Exercise details ▸
All that is wanted is the line with "最安値級価格 Hombasisテトリス ブロックゲーム" and each line after it to the end of the data below, set down exactly and without pictures.

Raw data ▸
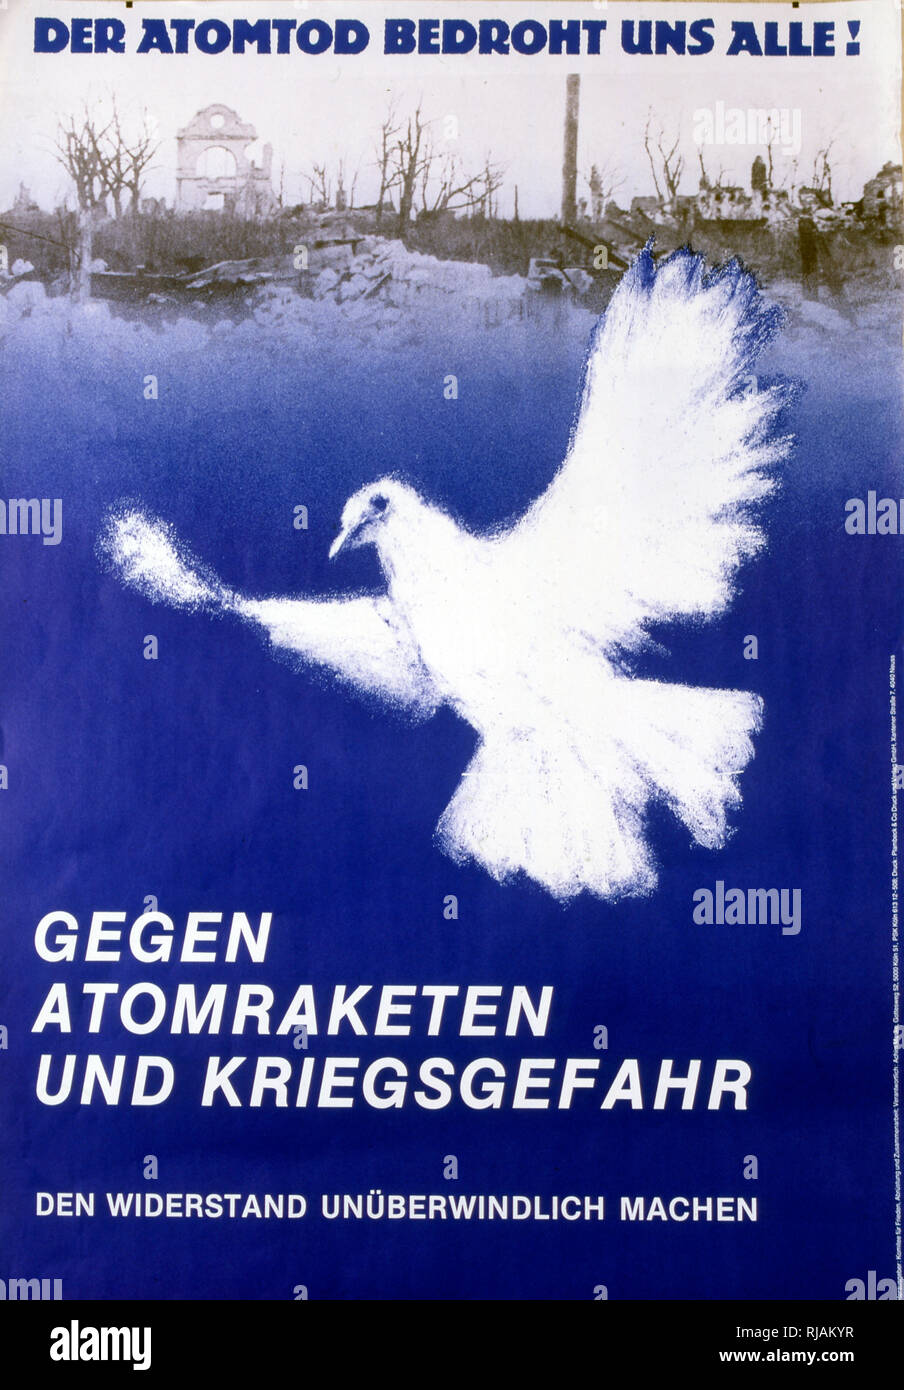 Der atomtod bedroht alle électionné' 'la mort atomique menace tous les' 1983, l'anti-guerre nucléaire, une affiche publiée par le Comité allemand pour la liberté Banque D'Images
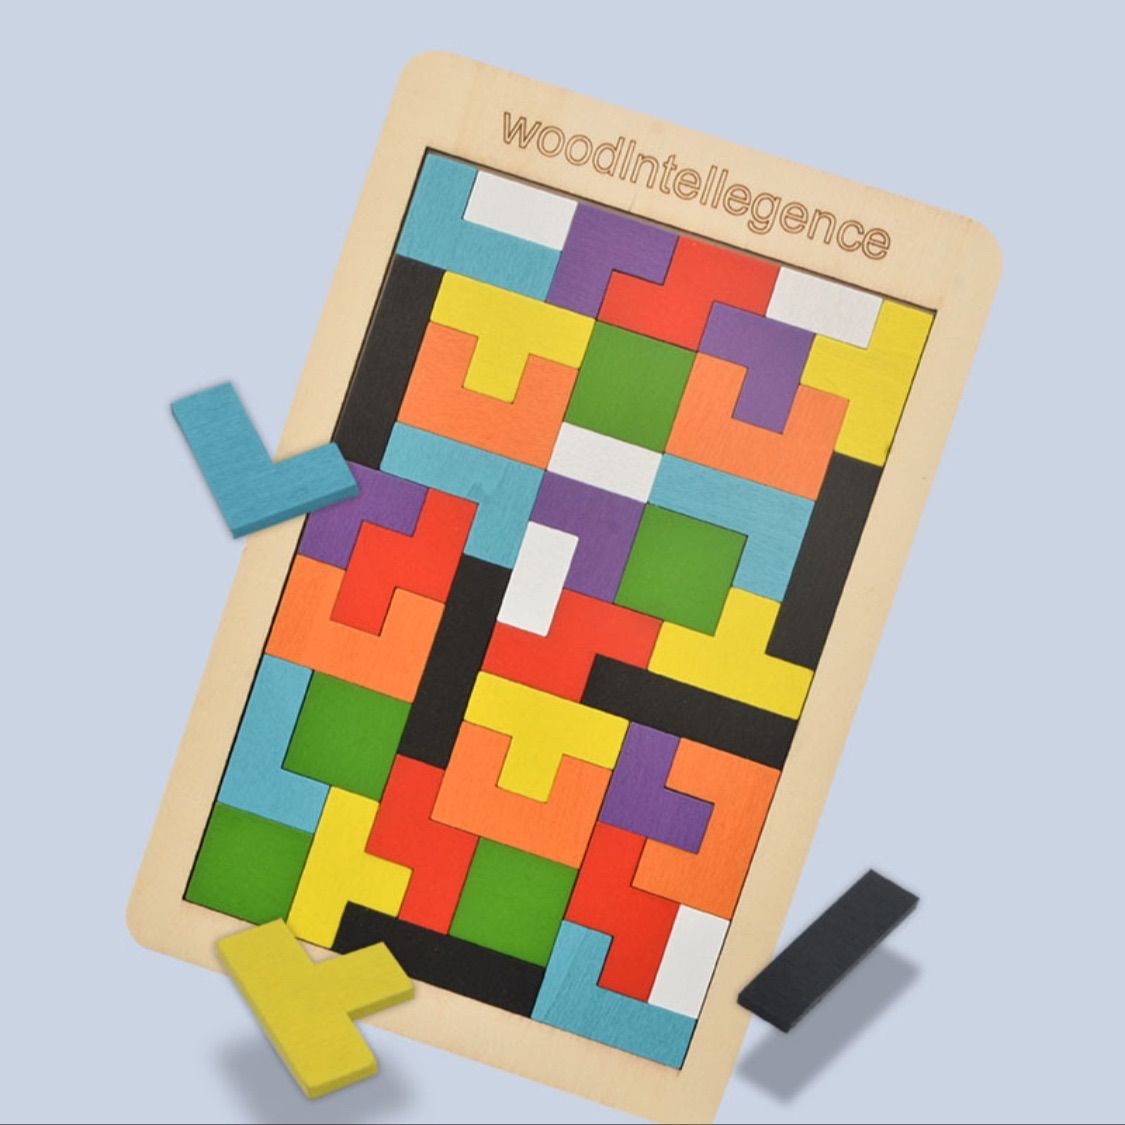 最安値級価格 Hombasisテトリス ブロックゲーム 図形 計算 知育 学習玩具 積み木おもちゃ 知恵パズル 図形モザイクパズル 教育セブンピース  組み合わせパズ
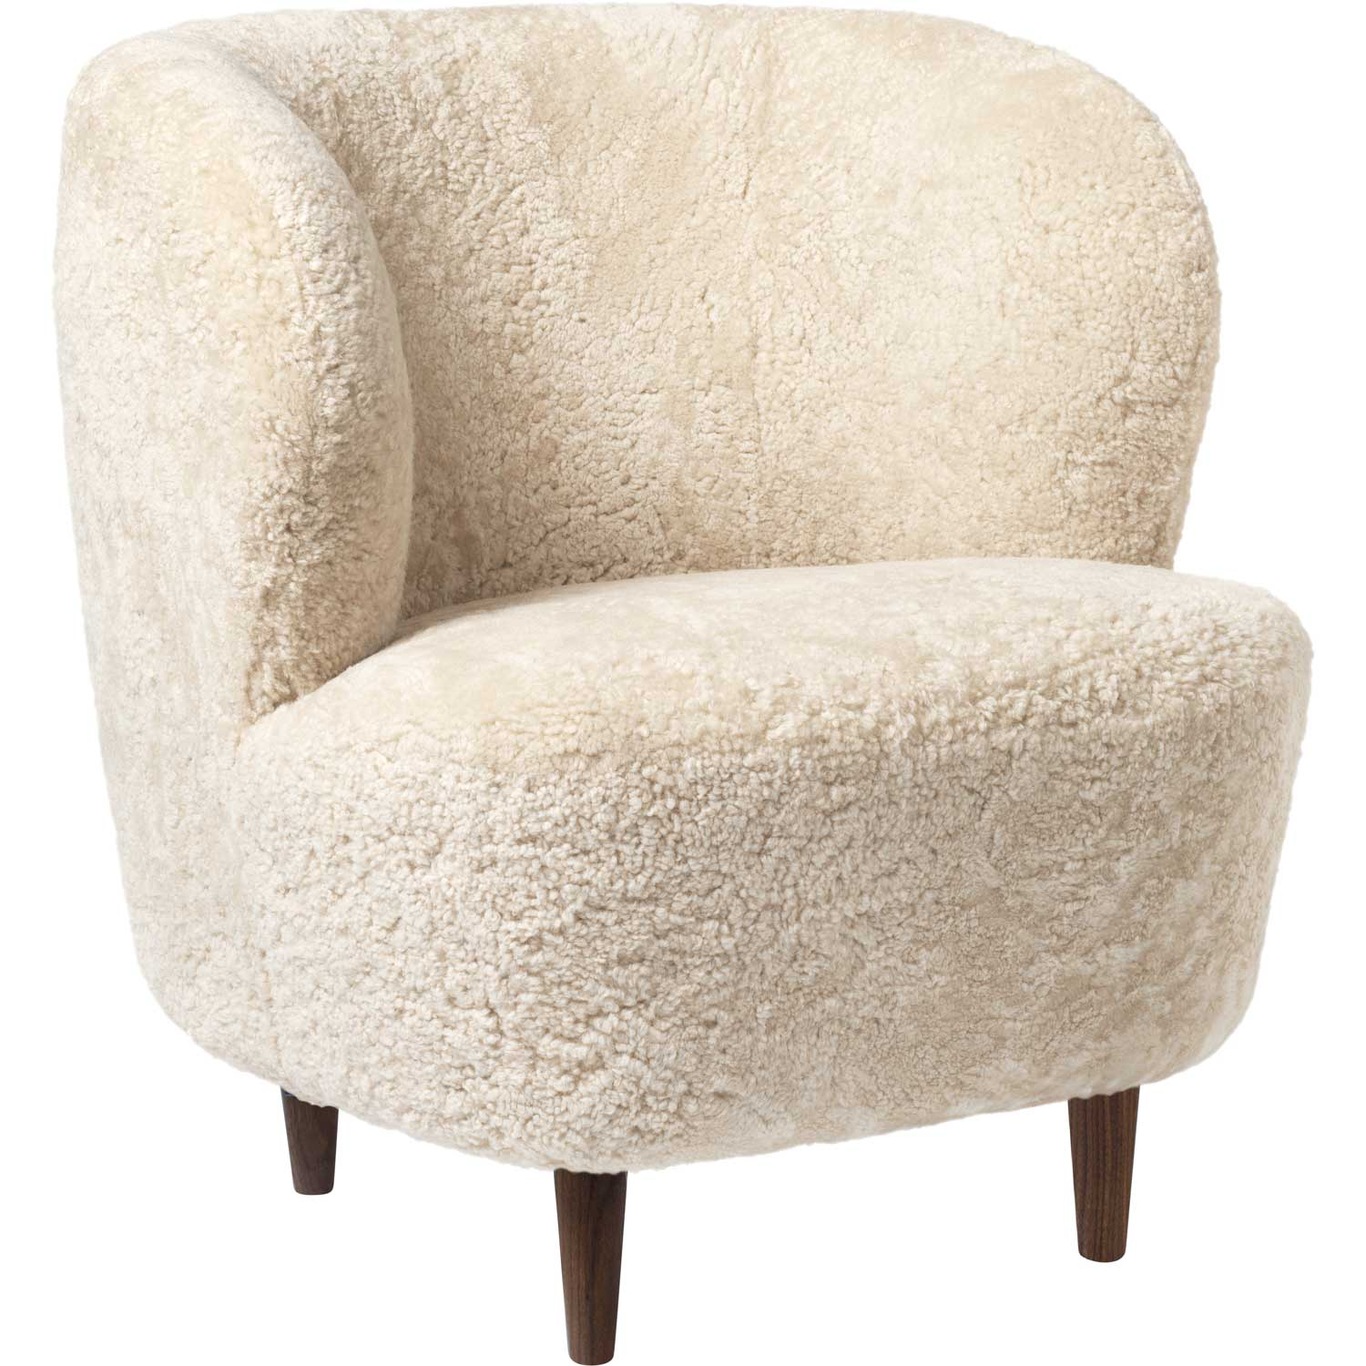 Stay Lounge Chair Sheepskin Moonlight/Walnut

Result ▸
 最安値級価格 Hombasisテトリス ブロックゲーム 図形 計算 知育 学習玩具 積み木おもちゃ 知恵パズル 図形モザイクパズル 教育セブンピース  組み合わせパズ
 Stay Lounge Chair Sheepskin Moonlight/Walnut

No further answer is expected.